Economic Factors – economic policy mandated by government agencies and the central banks within those governments are probably the major influencing factors within this category. However, the dissemination of these policies, coupled with economic conditions that are revealed through various economic reports and economic indicators all have a significant affect.

Economic policy is normally comprised of government fiscal policy and monetary policy. The central bank is very powerful in this aspect as it directly influences the supply and “cost” of money, based on arbitrarily established interest rates.

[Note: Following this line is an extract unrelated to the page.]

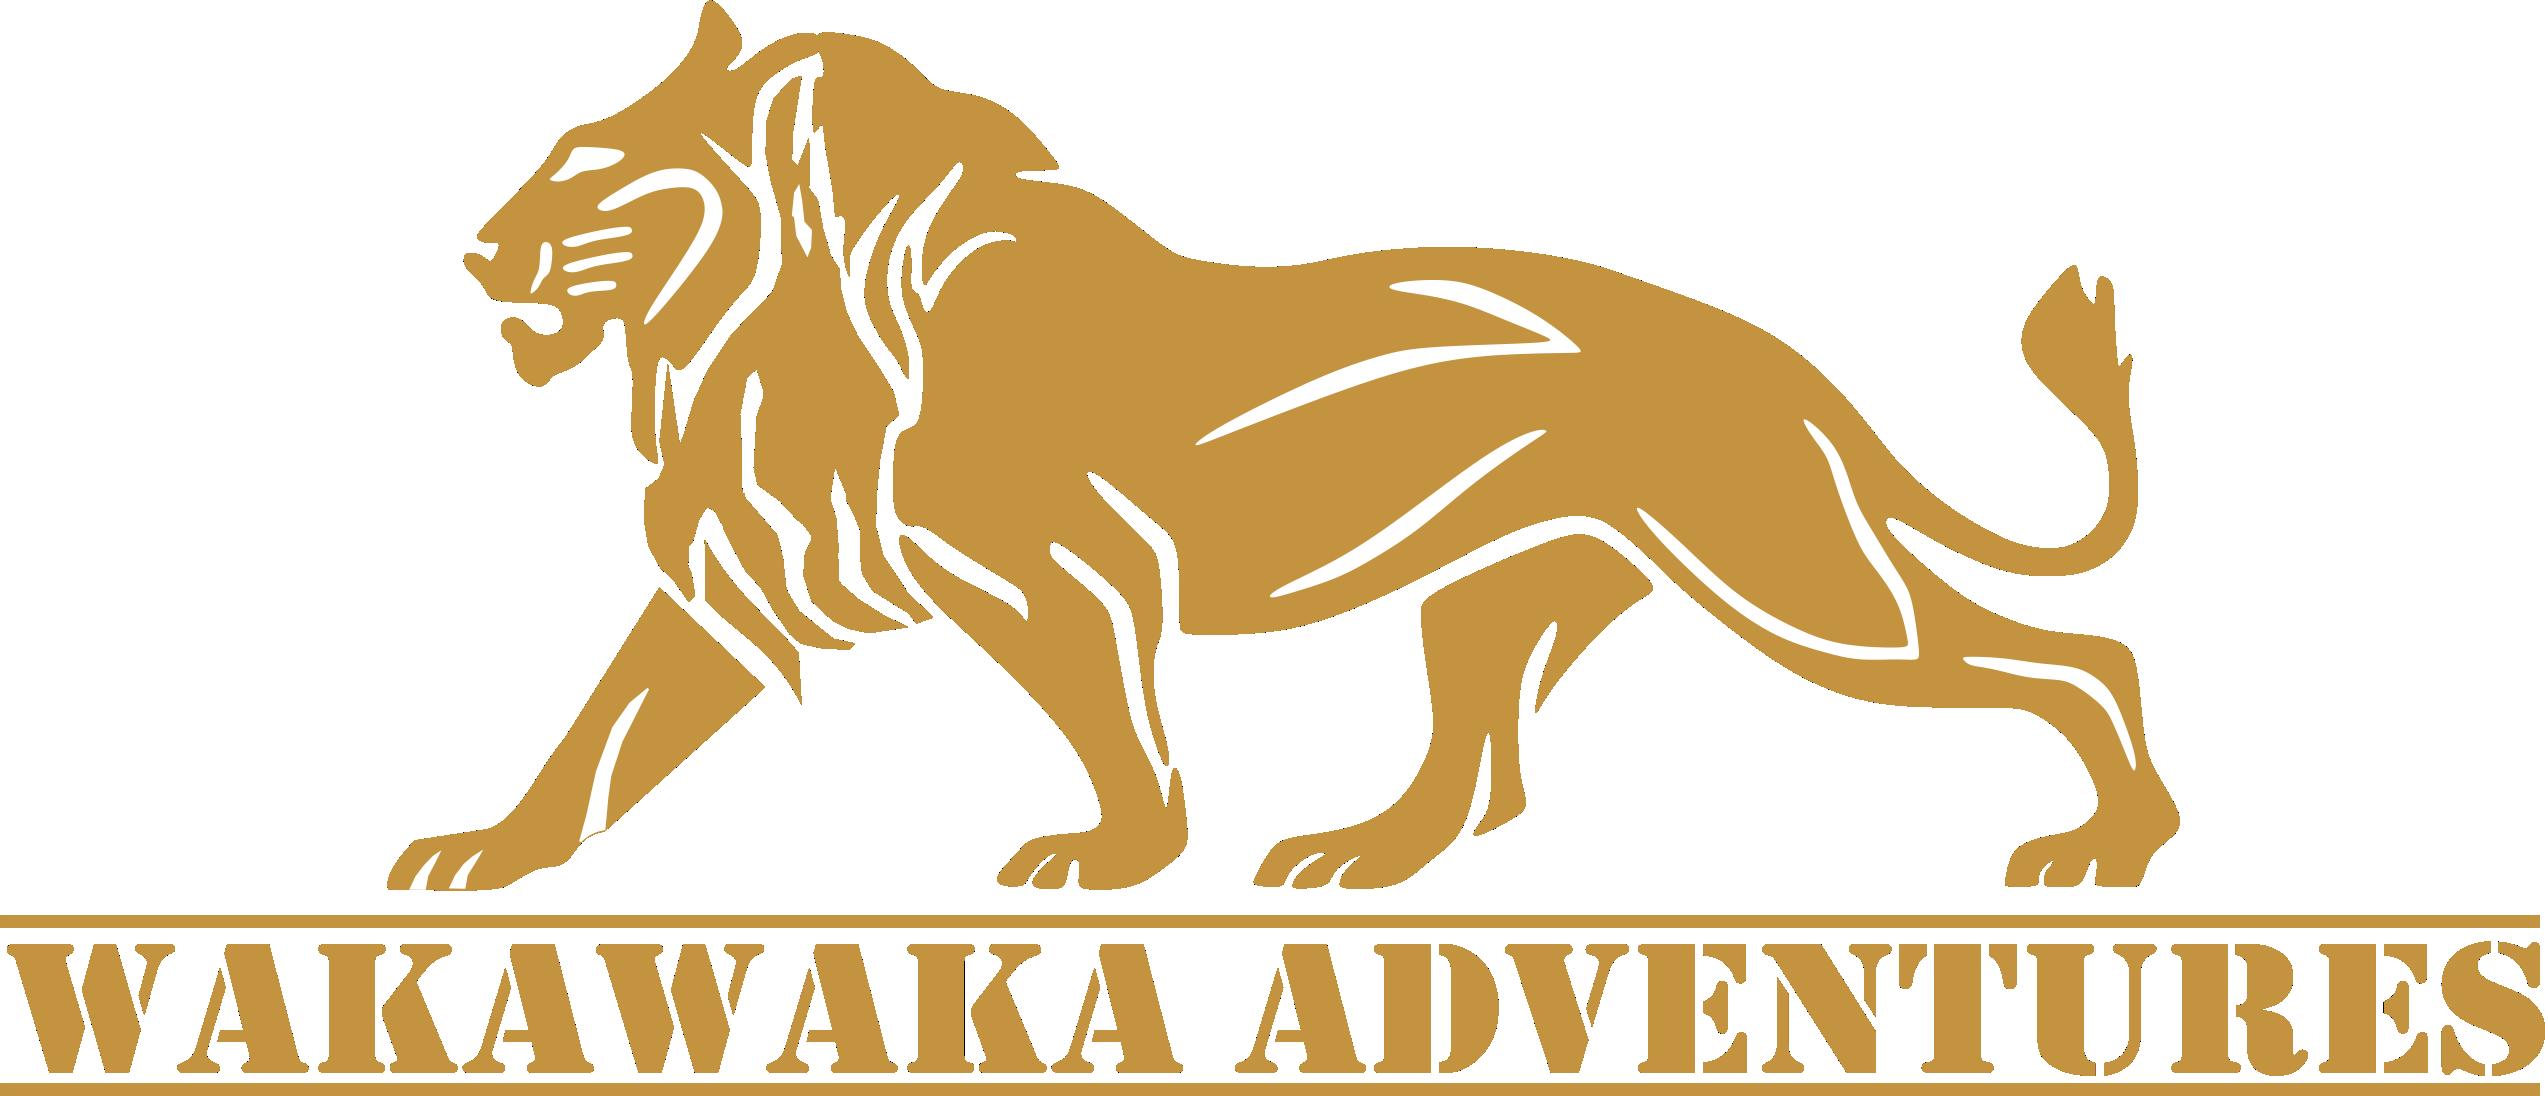 Wakawaka Adventures.png

Economic conditions are classified as follows:

-Balance of trade levels and trends
-Economic growth and health
-Government budget deficits or surpluses
-Inflation levels and trends

Market Psychology – combined with trader perceptions, this becomes a major influential factor in a variety of ways such as the following:

-Buying the rumor and selling the fact – this is the tendency of a currency’s price to reflect the results from an action before it occurs, and then when it does happen, it’s the direct opposite of what was predicted.

-Economic number’s – reflective of economic policy that takes on what appears to be a “talisman-like” effect of the direction that the market travels in.

-Flights to quality – unstable political climates which cause investors to seek out a safe haven.

-Long-term trends – standard movement of currency rates in the forex market. Although currencies do not have “seasons” as do commodities, however, cycles in business will have an effect on the currency rates.

-Technical trading considerations – the formation of patterns in direction of the rates based on the movement of these rates in the market. Price charts are often studied to try and discover such patterns.

Political Conditions – very profound effects occur within the market based on internal, regional, and international factors. Political changes or upheavals can directly influence the direction that a currency’s price travels in.